All components implement base interfaces and can be easily replaced:

```python
# Use different components
builder = (PipelineBuilder()
    .with_whisper(model='large')      # Swap Whisper model
    .with_deepl(target_lang='es')     # Change target language
    .with_edge_tts()                   # Use Edge TTS
    .with_ffmpeg()                     # Use FFmpeg processor
    .build())
```

### Pipeline Builder

Fluent API for constructing translation pipelines:

```python
pipeline = (PipelineBuilder()
    .with_whisper(model='tiny', language='auto')
    .with_deepl(api_key=key, target_lang='ru')
    .with_edge_tts()
    .with_ffmpeg()
    .with_temp_dir('temp')
    .keep_temporary_files(False)
    .build())

# Configure pipeline options
pipeline.config.sync_audio = True
pipeline.config.generate_subtitles = True
pipeline.config.embed_subtitles = True
pipeline.config.subtitle_only = False
```

## Development

### Running Tests

```bash
# Install test dependencies
pip install pytest pytest-cov

# Run all tests
pytest speechbridge/tests/

# Run with coverage
pytest --cov=speechbridge speechbridge/tests/
```

### Project Structure Guidelines

- `speechbridge/` - Core framework code (for PyPI)
- `webapp/` - Web application example
- Keep commercial/production code separate (not in repo)
- Follow modular component architecture

## Contributing

Contributions are welcome!
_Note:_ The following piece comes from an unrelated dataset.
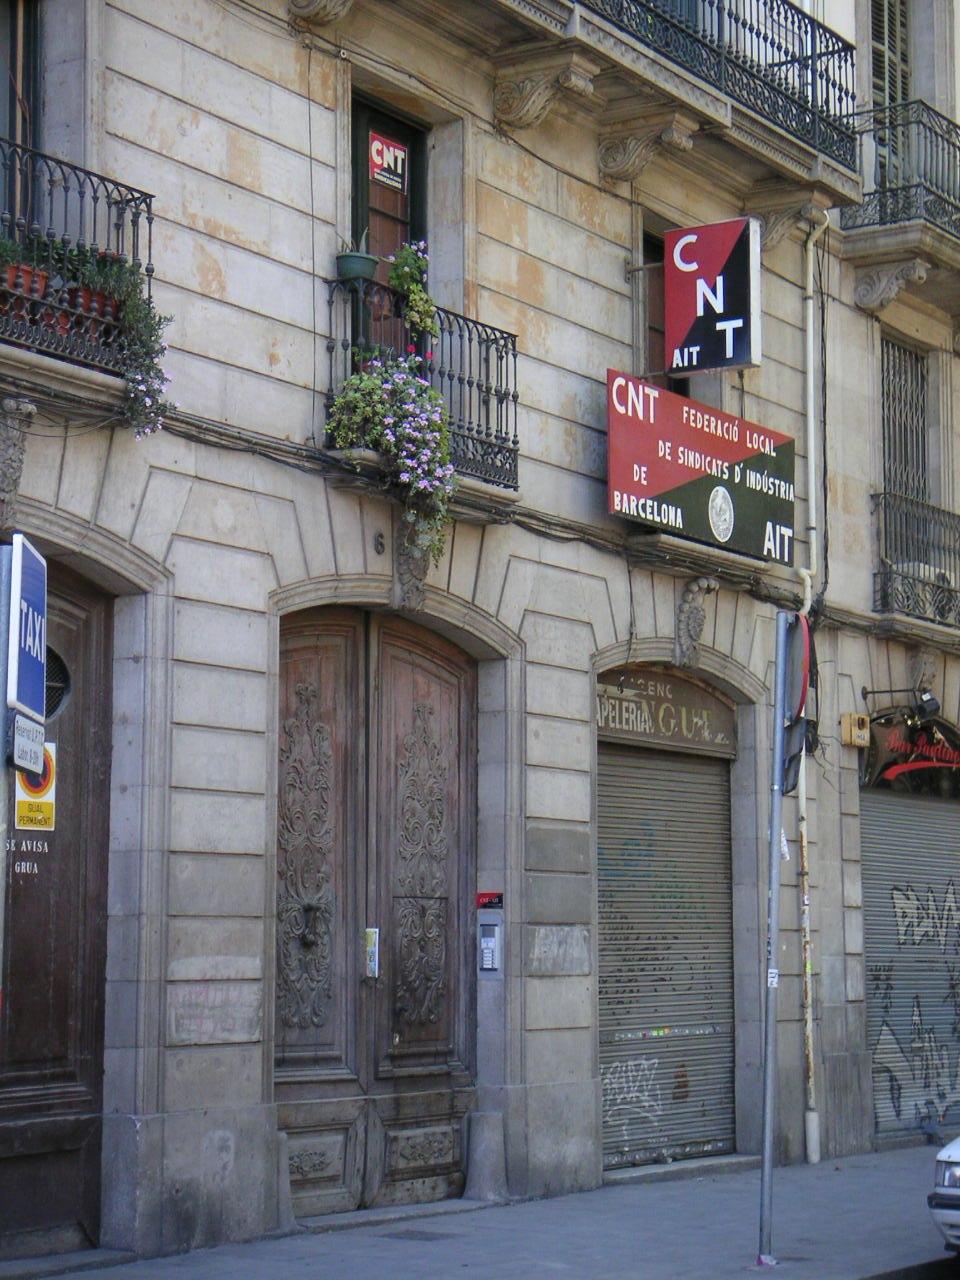 Barcelonacntait (110)

Please:

1. Fork the repository
2. Create a feature branch (`git checkout -b feature/amazing-feature`)
3. Commit your changes (`git commit -m 'Add amazing feature'`)
4. Push to the branch (`git push origin feature/amazing-feature`)
5. Open a Pull Request

## Roadmap

- [ ] Register on PyPI
- [ ] Support for additional TTS providers (Google TTS, ElevenLabs)
- [ ] Voice cloning capabilities
- [ ] Batch processing multiple videos
- [ ] GPU acceleration for Whisper
- [ ] Real-time progress tracking
- [ ] Docker containerization
- [ ] API rate limiting and quota management
- [ ] Multi-speaker detection and voice mapping

## License

This project is licensed under the MIT License - see the [LICENSE](LICENSE) file for details.

## Acknowledgments

- [OpenAI Whisper](https://github.com/openai/whisper) - Automatic speech recognition
- [DeepL API](https://www.deepl.com/pro-api) - High-quality translation
- [Edge TTS](https://github.com/rany2/edge-tts) - Text-to-speech synthesis
- [FFmpeg](https://ffmpeg.org/) - Video/audio processing

## Support

For issues, questions, or feature requests, please open an issue on GitHub.

## Authors

- Andrey Kolpakov - [@andreykolpakov](https://github.com/andreykolpakov)

---

**Note**: This framework is designed for legal use only. Ensure you have proper rights and permissions for any content you translate.